Activity: Pictures aside, repeat the whole listing word for word.

Data provided:
***
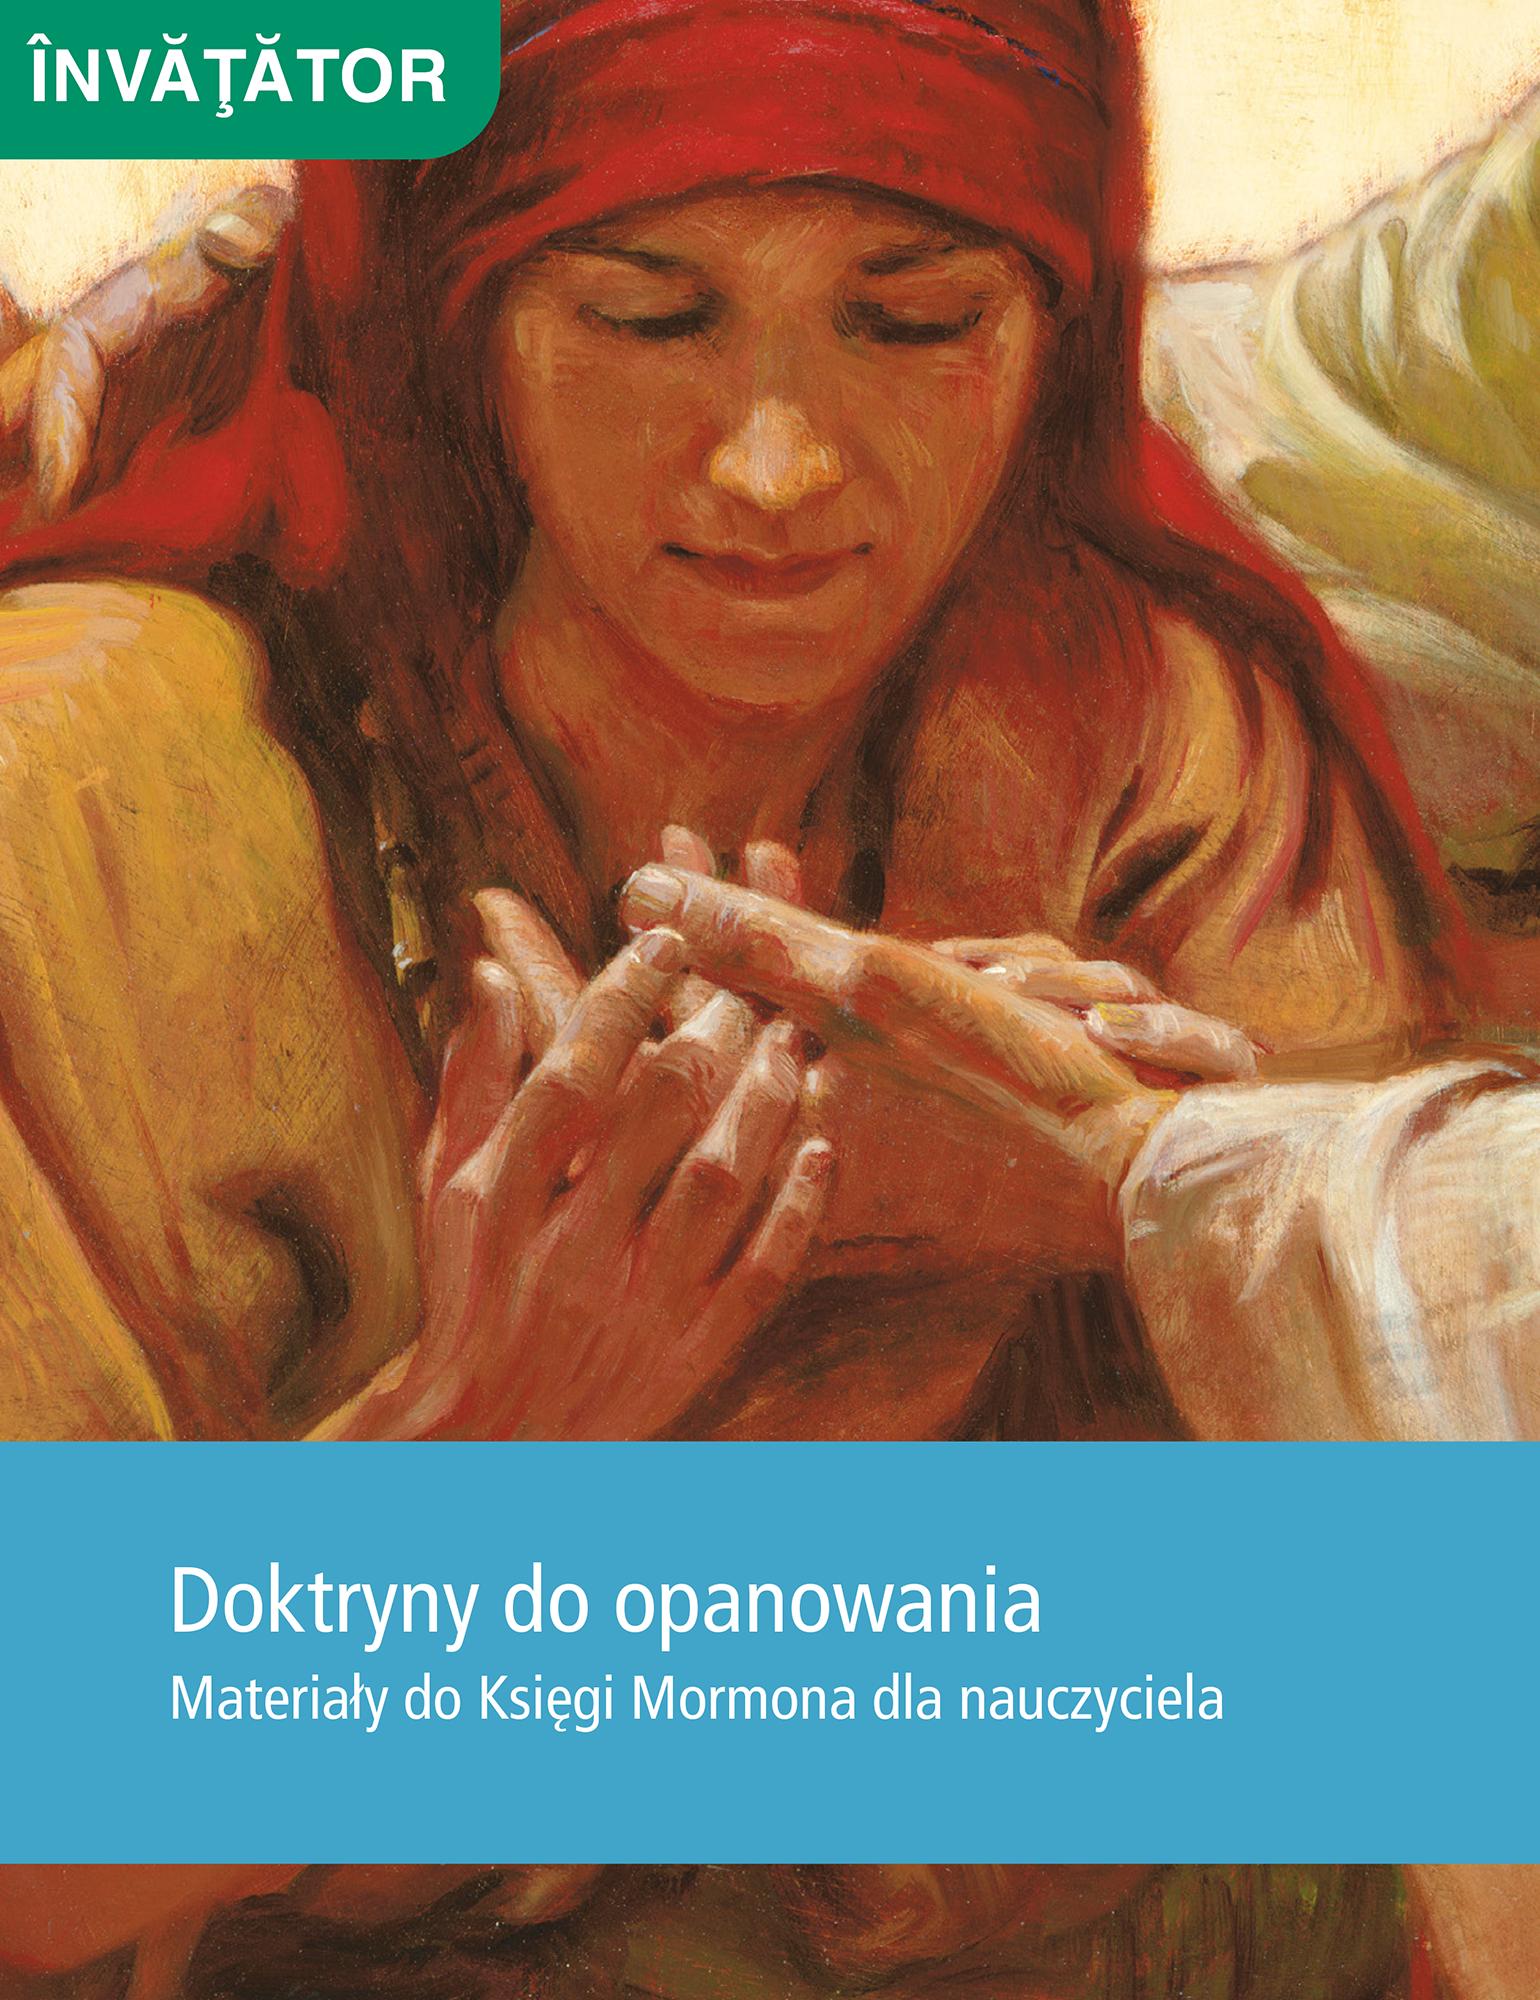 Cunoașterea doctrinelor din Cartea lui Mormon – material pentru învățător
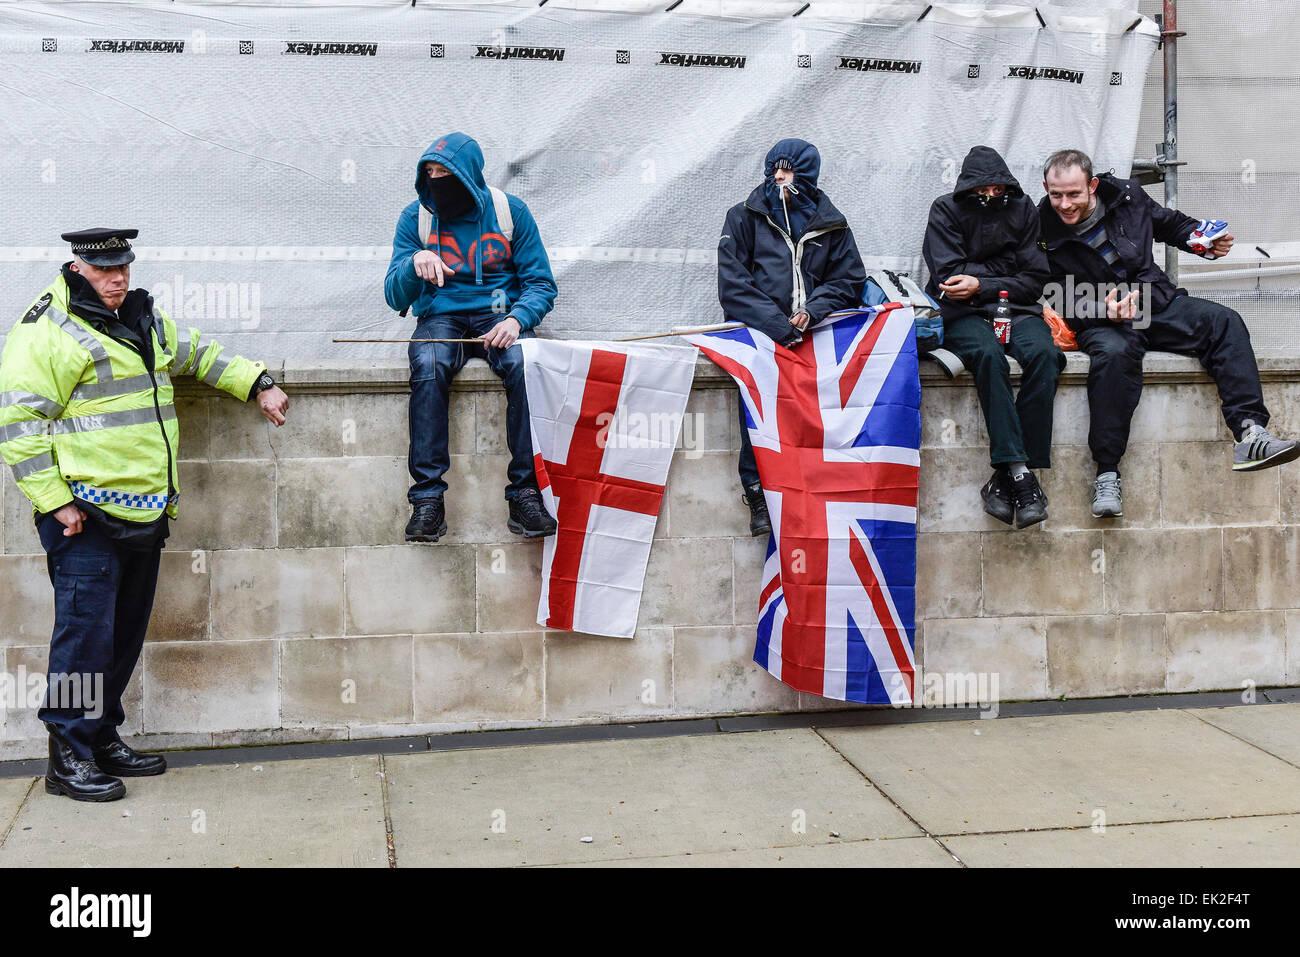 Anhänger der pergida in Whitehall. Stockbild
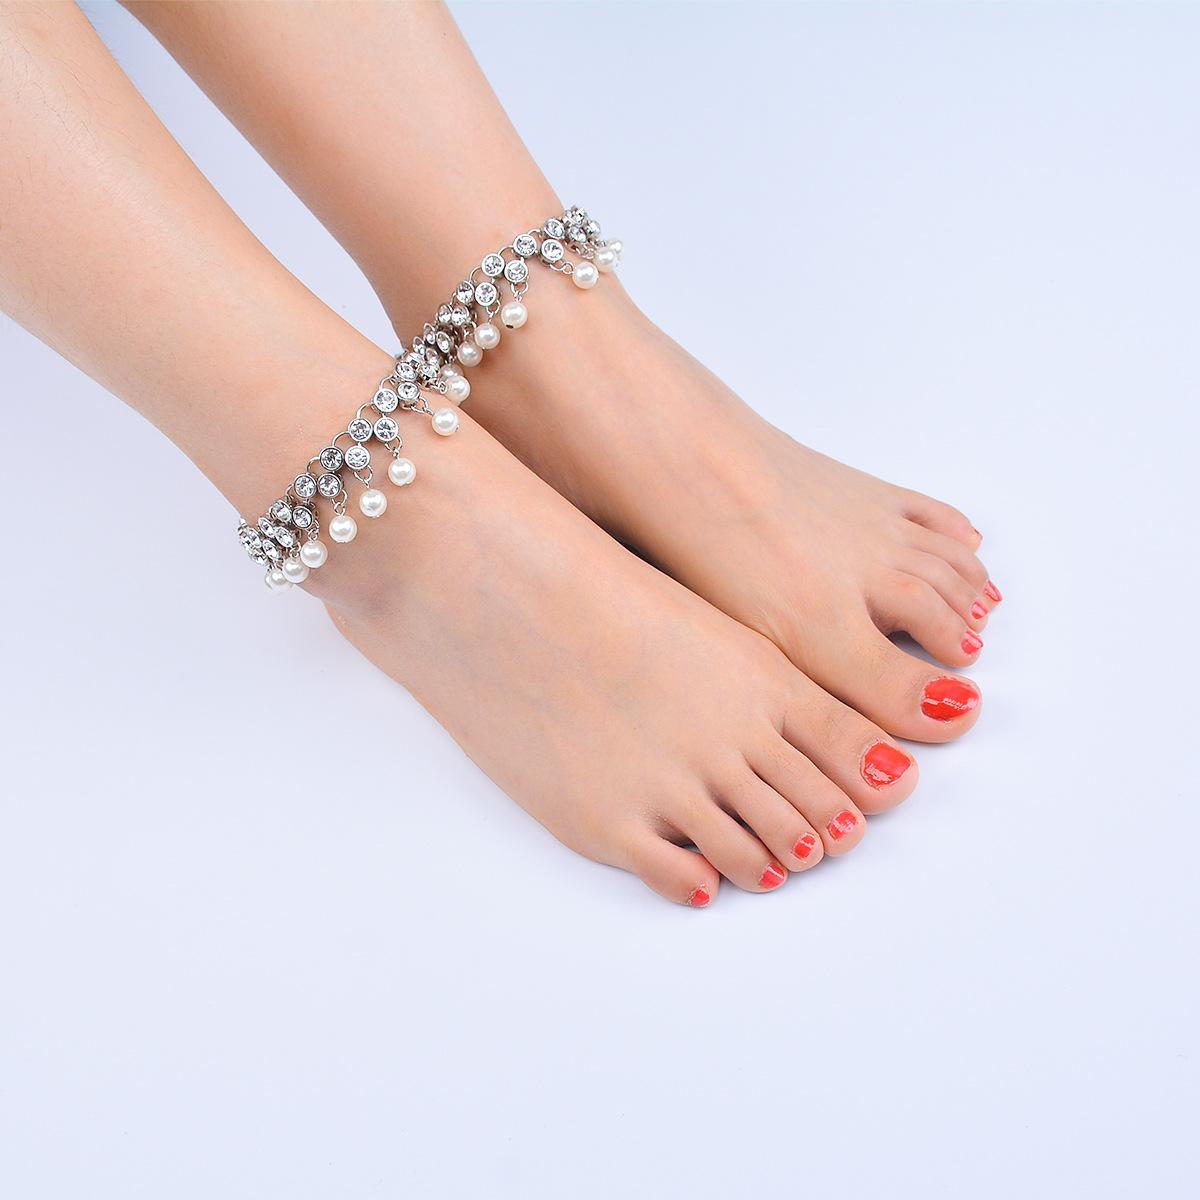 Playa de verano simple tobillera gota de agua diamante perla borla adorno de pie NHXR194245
***
Output for this exercise:
 Cunoașterea doctrinelor din Cartea lui Mormon – material pentru învățător
 Anhänger der pergida in Whitehall. Stockbild
 Playa de verano simple tobillera gota de agua diamante perla borla adorno de pie NHXR194245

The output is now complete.